What I Would Test Next
The next useful experiments are mostly about scale and realism:
- Increase sequence length and measure when KV caching becomes overwhelming.
- Run the same stack on a GPU backend.
- Measure first-token latency separately from full-answer latency.
- Add fused kernels or Triton kernels for the small decode path.
- Test a larger model, such as a 1B-parameter decoder, with the same measurement discipline.
- Measure when memory bandwidth becomes dominant.
- Compare persistent graph execution against cold compile-heavy execution.
- Add speculative decoding.
- Replace the simple low-bit baselines with GPTQ/AWQ-style methods.
- Test continuous batching and paged KV caches with a real serving loop.
The useful constraint is that each experiment should keep correctness checks in the loop. Fast invalid output is not an optimization.
Conclusion
This started as a small arithmetic transformer experiment.
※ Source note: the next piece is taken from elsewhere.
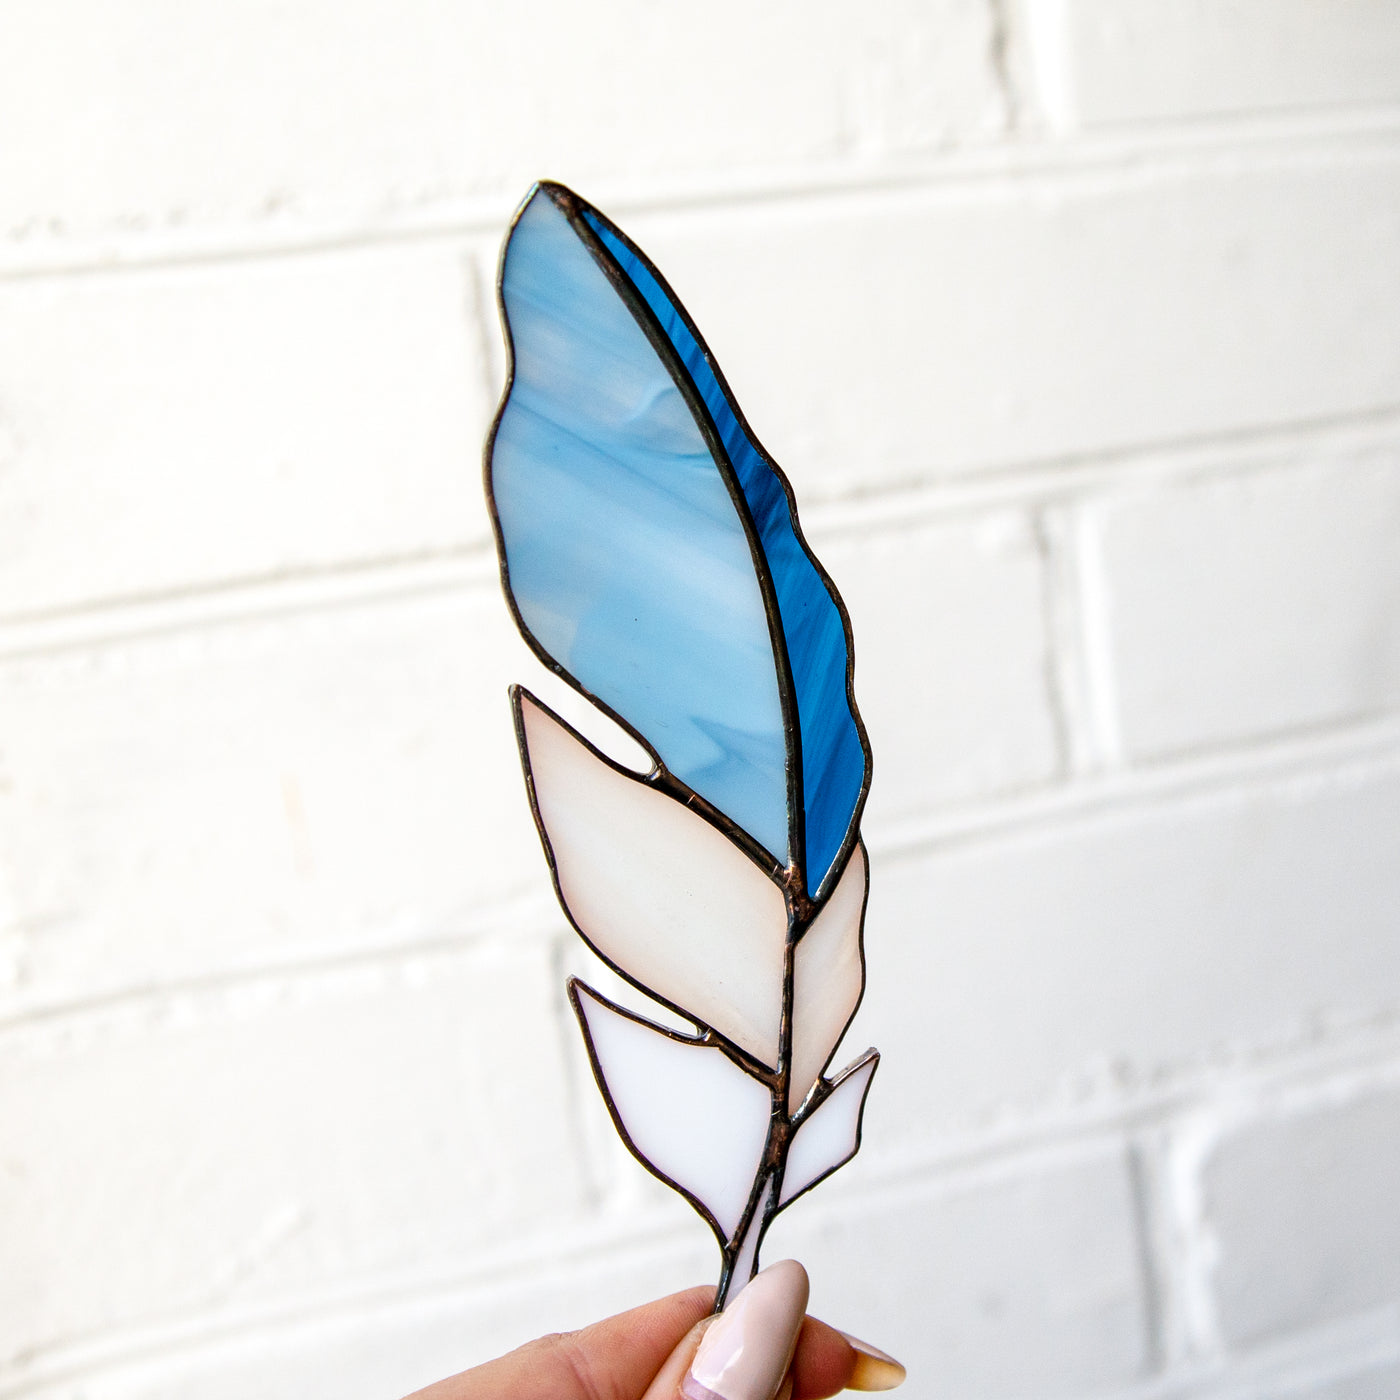 Sky-blue feather suncatcher for window

It eventually became a controlled inference optimization laboratory.
The project is not important because the model itself is useful. It is useful because every part of the inference stack is visible: autoregressive decoding, graph compilation, batching, caching, synchronization, quantization, correctness validation, and performance tradeoffs.
The biggest lesson was not “KV caching is faster.” That was expected.
The more important lesson was that inference optimization is mostly about understanding where time is actually spent. Some optimizations interact badly with compilation. Some improve throughput while hurting latency. Some silently break correctness. Some help large models much more than small ones. And many optimizations that sound important barely matter once measured carefully.
Small controlled systems are valuable because they make those mechanics easier to isolate. In practice, understanding the mechanics is often more important than applying optimizations blindly.